“We have had a rain.”

No, that’s not a recent headline. Unfortunately. But as our region and the entire state confront serious drought conditions today, that sentence from an 1894 newspaper article demonstrates that rain or lack of same has been a historic issue for San Diego County.

Below is a partial reproduction of the front page of the March 10, 1894 issue of the Poway Progress, a weekly that was published out of the Poway Valley from 1894 to 1897.

Poway Progress, page 1, March 10, 1894

“Poway Points,” a column that usually appeared on the front page, ranged from hard news to local gossip and points in between. The paper also ran similar columns on other communities with headings like “San Diego Siftings” and “Lakeside Letters.”

The March 10, 1894 issue’s “Poway Points” starts with the sentence, “We have had a rain.” The writer then shifts topics in the next paragraph to some out-of-town visitors staying with a local family, the Hillearys.

But the editor isn’t through talking about the weather. That paragraph is followed by this simple declarative sentence:

“We have had a fine rain.”

And he still wasn’t through. He follows another paragraph about a visitor from National City buying fruit trees from a local nursery with this:

“The recent rainfall ending on Sunday, amounted to 1.42 inches according to Mr. Chapin’s gauge, and 1.60 inches by Mr. Kent’s, making the total for the season in the neighborhood of seven and three quarters inches for this locality.”

The Chapins and the Kents were pioneer settlers in the Poway Valley, involved in agriculture. Their strong interest in the rainfall, shared obviously by the editor and publisher of the Poway Progress, reflected the predominantly agricultural character of the valley at the time.

From the time that cattle ranching gave way to farming in the mid-1800s until 1954, Poway remained a sparsely populated rural community dependent on individual wells and rainfall.  While the valley’s population swelled to 800 in 1887, by 1891 it had shrunk back to 250, according to newspaper accounts at the time.

Drought played a big role. A local building boom went bust during the same period, followed by the onset of economic depression in the county and across the country. However, better economic times didn’t translate into population growth. The population of the Poway Valley in the 1930 census stood at just 367.

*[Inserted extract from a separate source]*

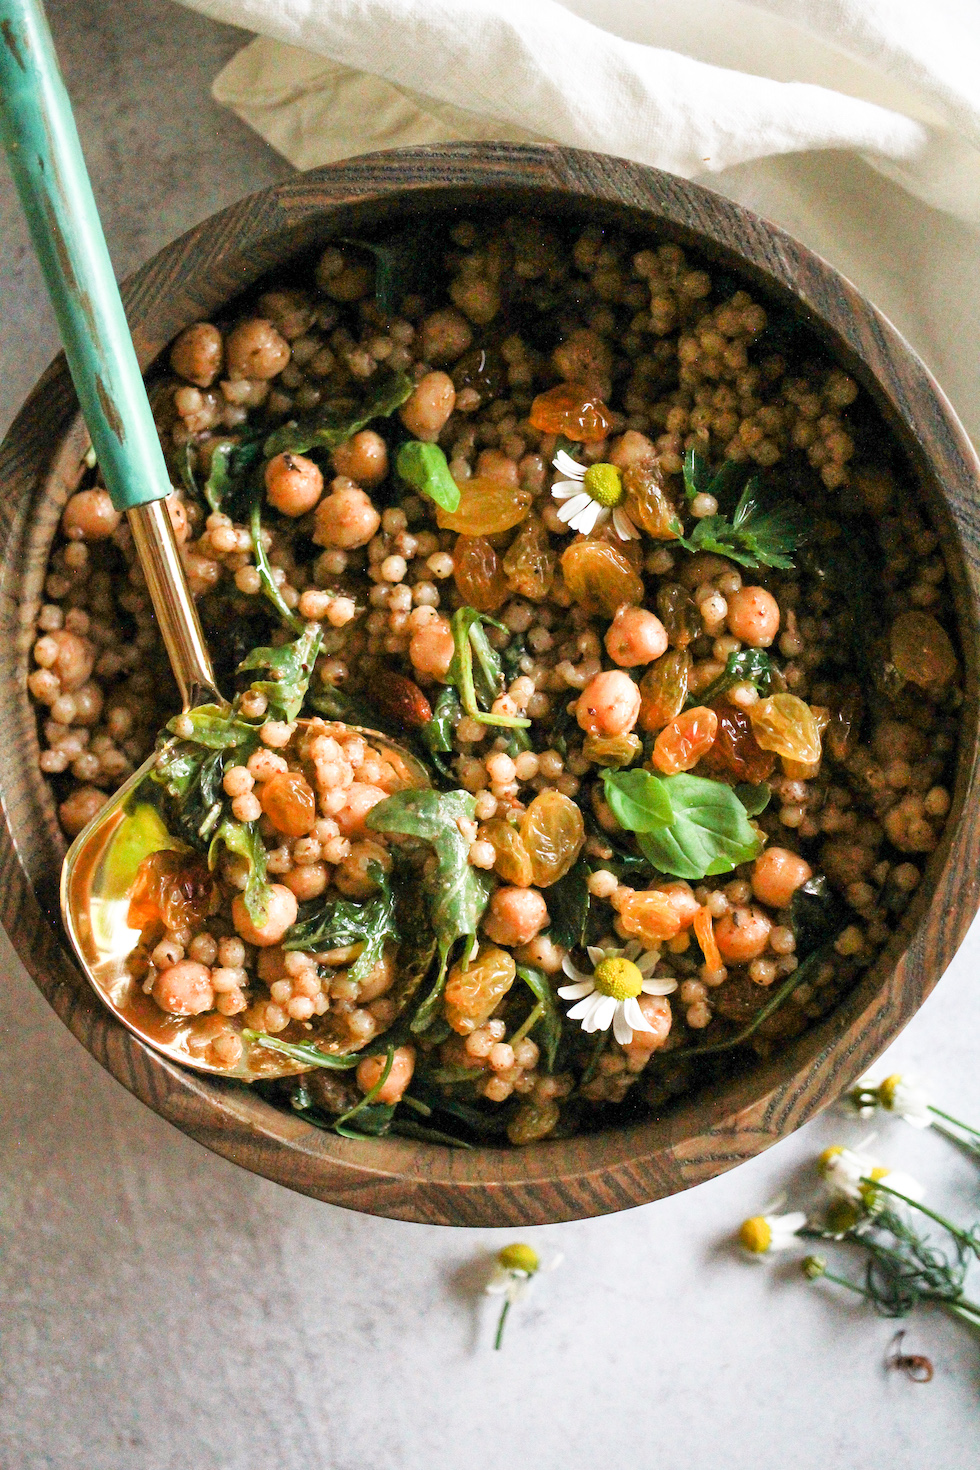 Israeli couscous salad in wooden bowl with blue and gold spoon.

In her 1993 book “Paguay,” historian Louhelen Elizabeth Hassan sums up Poway’s history from 1900 to 1954 in this way: “While the population expanded and contracted in rhythm to the rainfall cycles, the community remained essentially unchanged for another half century when the introduction of Colorado River water altered it forever.”

Upcoming History Event

Come hear the cannon roar and learn about the bloodiest battle of the Mexican-American War: the battle of San Pasqual. The San Pasqual Battlefield Volunteer Association stages Living History Days the first Sunday of every month-except for July, August and September. Join them Sunday, February 2 at San Pasqual Battlefield State Historic Park. Black powder demonstration and cannon fire at 11:30 a.m. and 1:30 p.m. Admission free. For more info visit: www.spbva.org .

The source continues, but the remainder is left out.